→ **Recorded data**
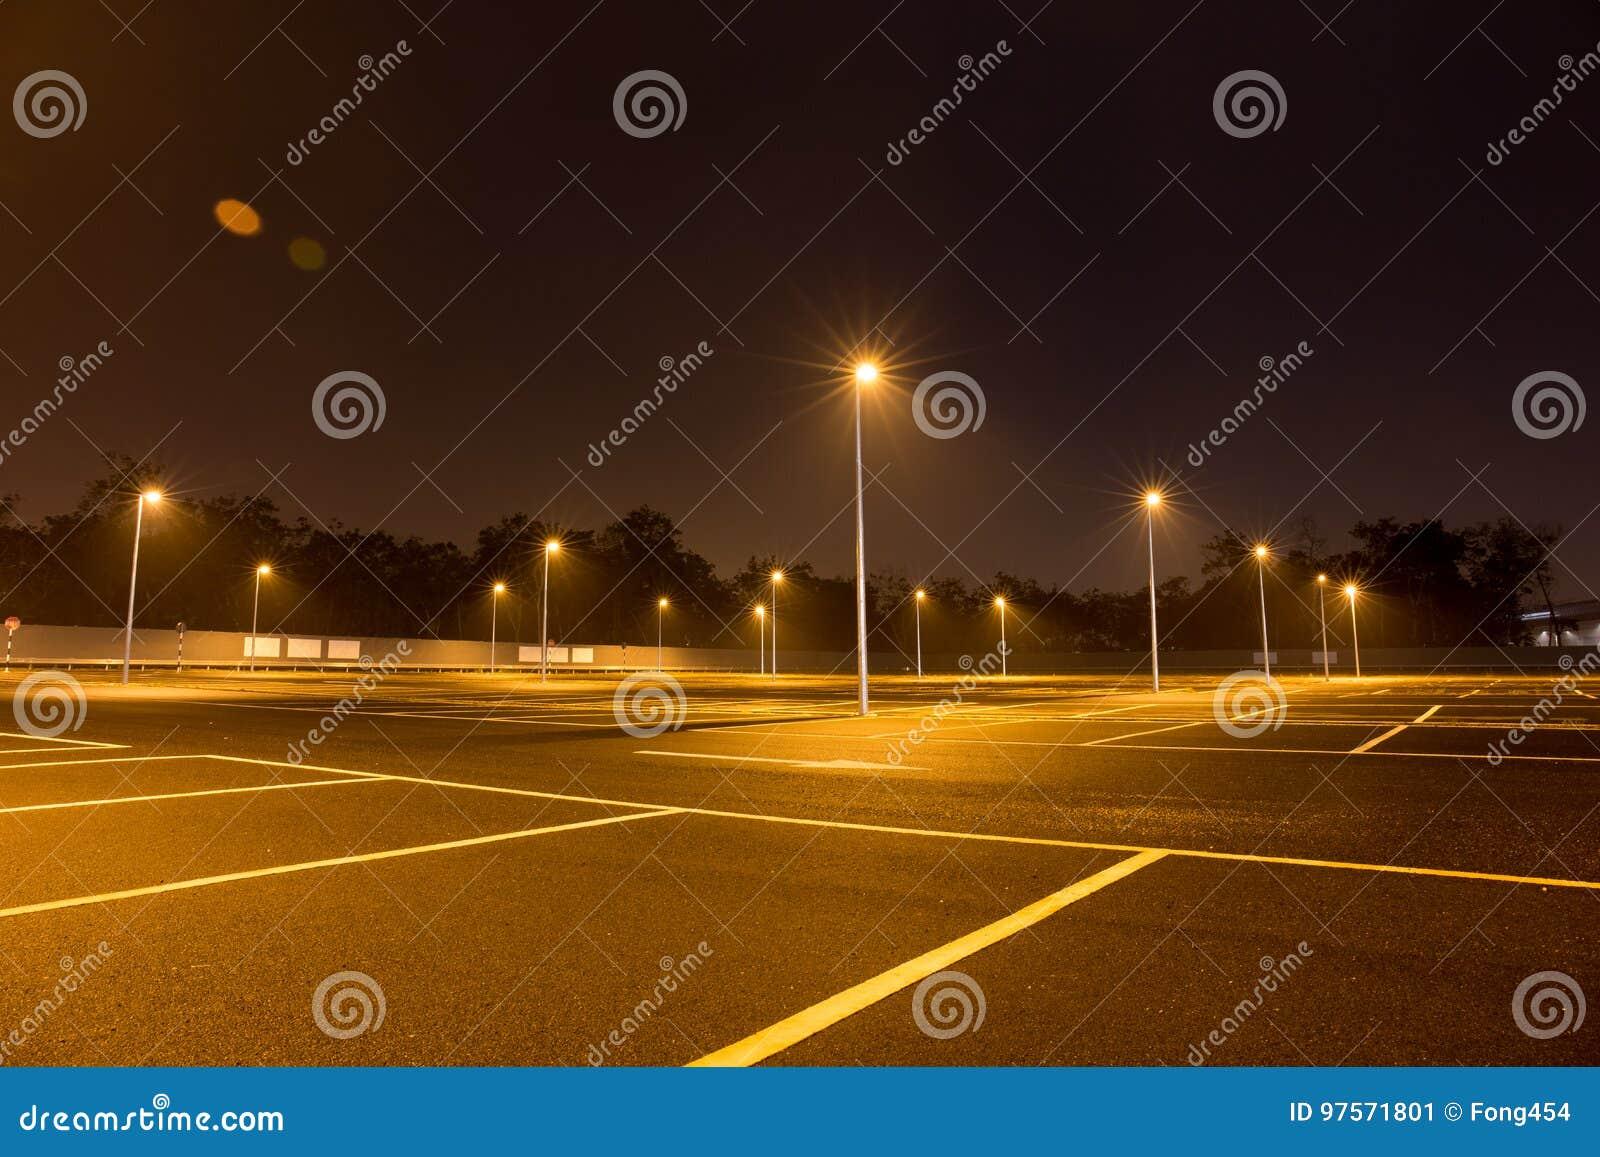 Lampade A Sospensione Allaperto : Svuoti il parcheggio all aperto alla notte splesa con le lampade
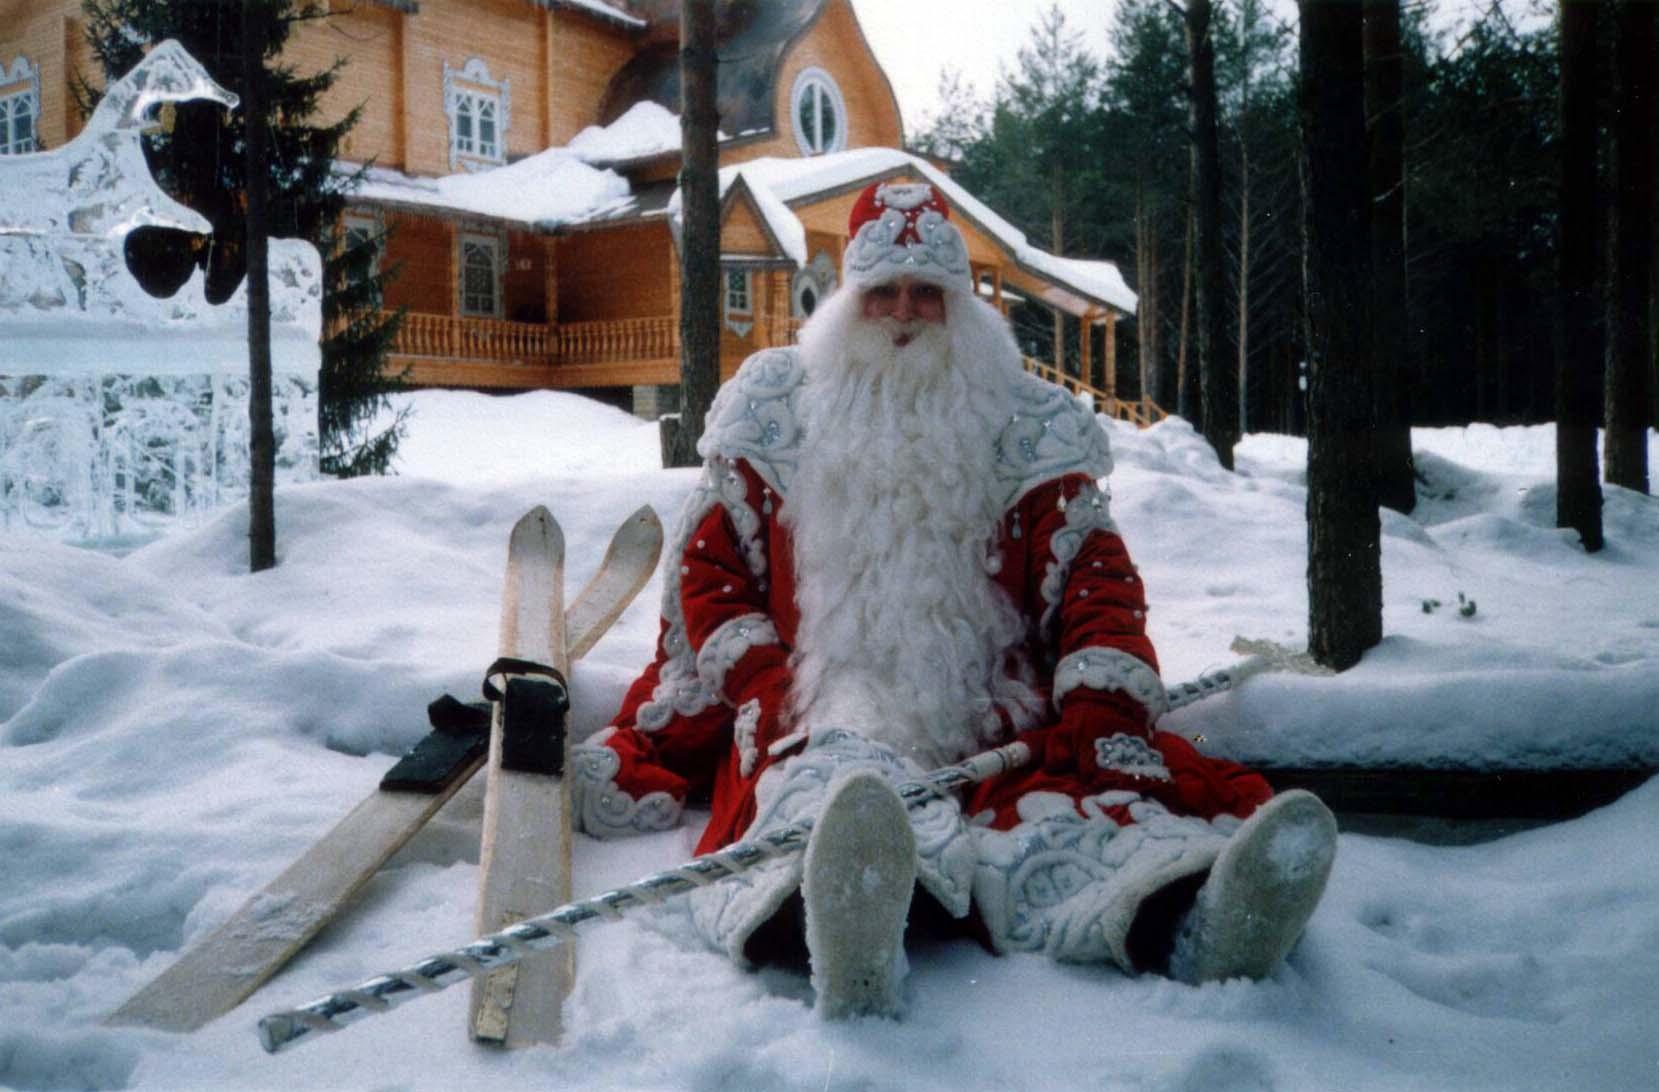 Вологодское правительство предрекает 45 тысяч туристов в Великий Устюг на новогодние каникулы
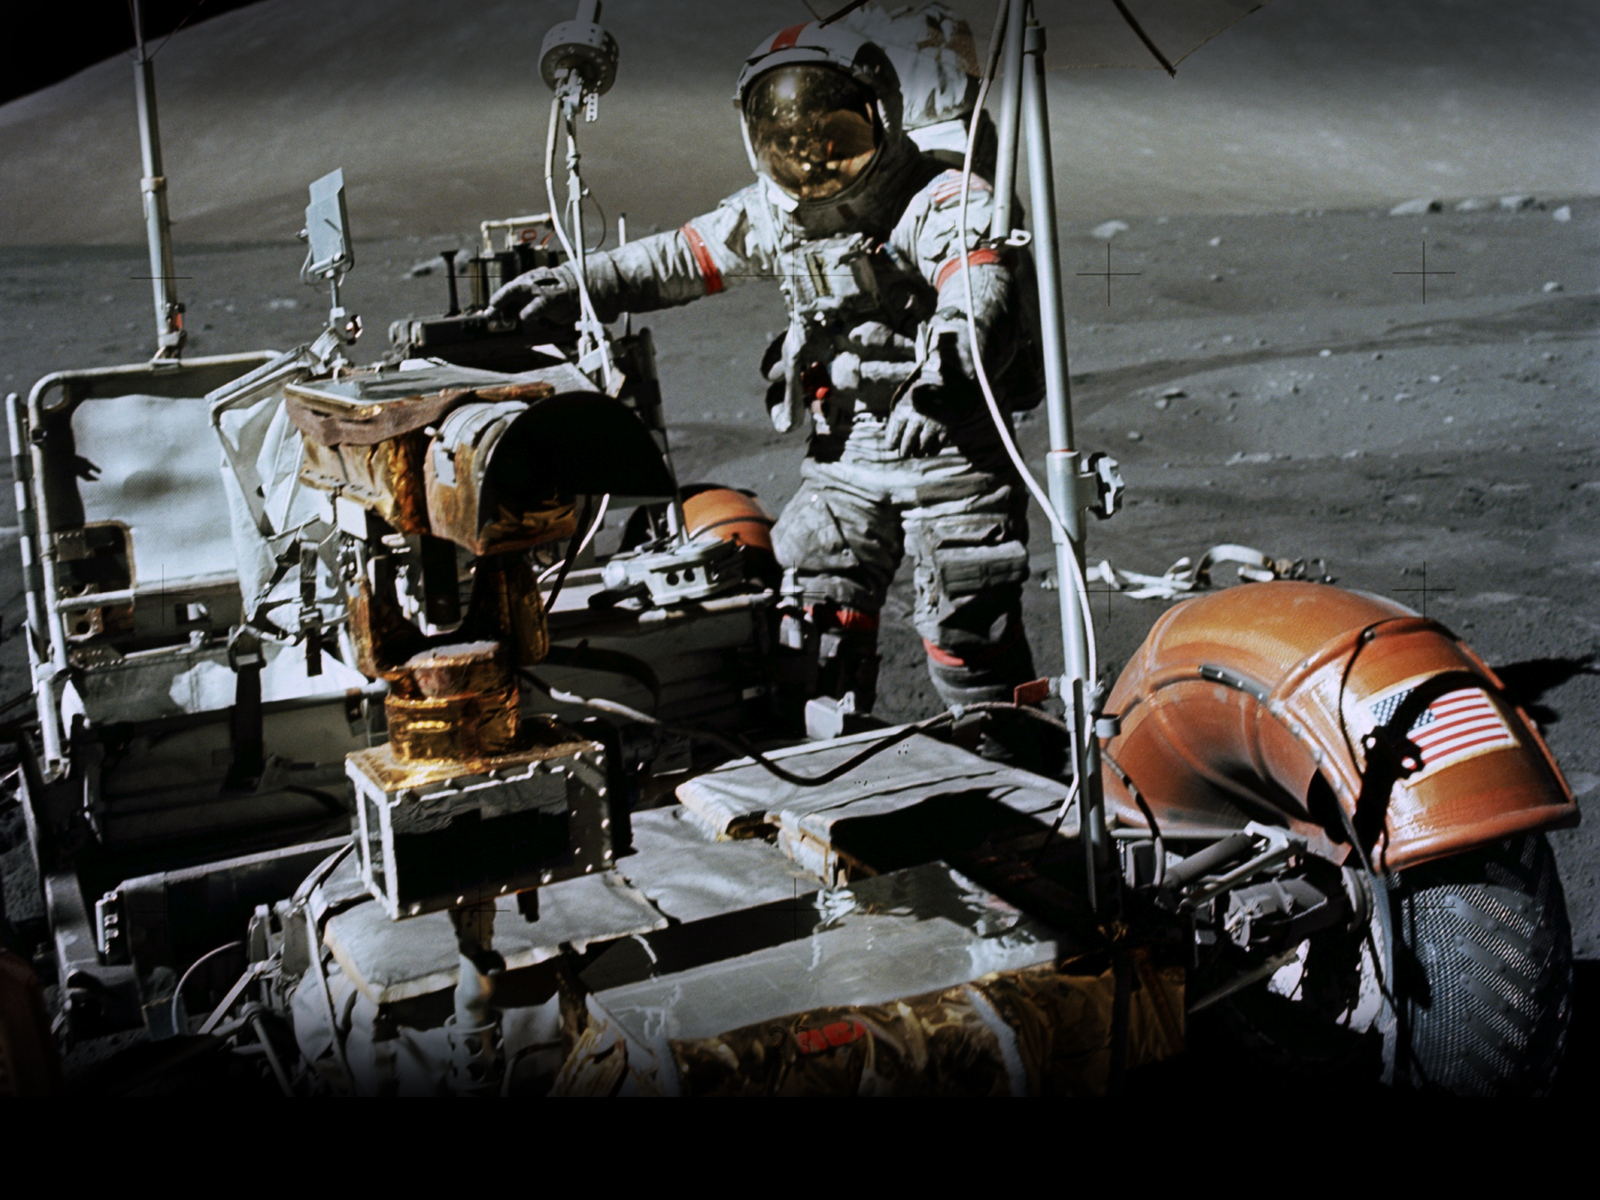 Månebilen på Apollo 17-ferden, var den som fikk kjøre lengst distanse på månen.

→ **Your task**
Write out the data above exactly as it appears, but without any image.

→ **Finished exercise**
 Lampade A Sospensione Allaperto : Svuoti il parcheggio all aperto alla notte splesa con le lampade
 Вологодское правительство предрекает 45 тысяч туристов в Великий Устюг на новогодние каникулы
 Månebilen på Apollo 17-ferden, var den som fikk kjøre lengst distanse på månen.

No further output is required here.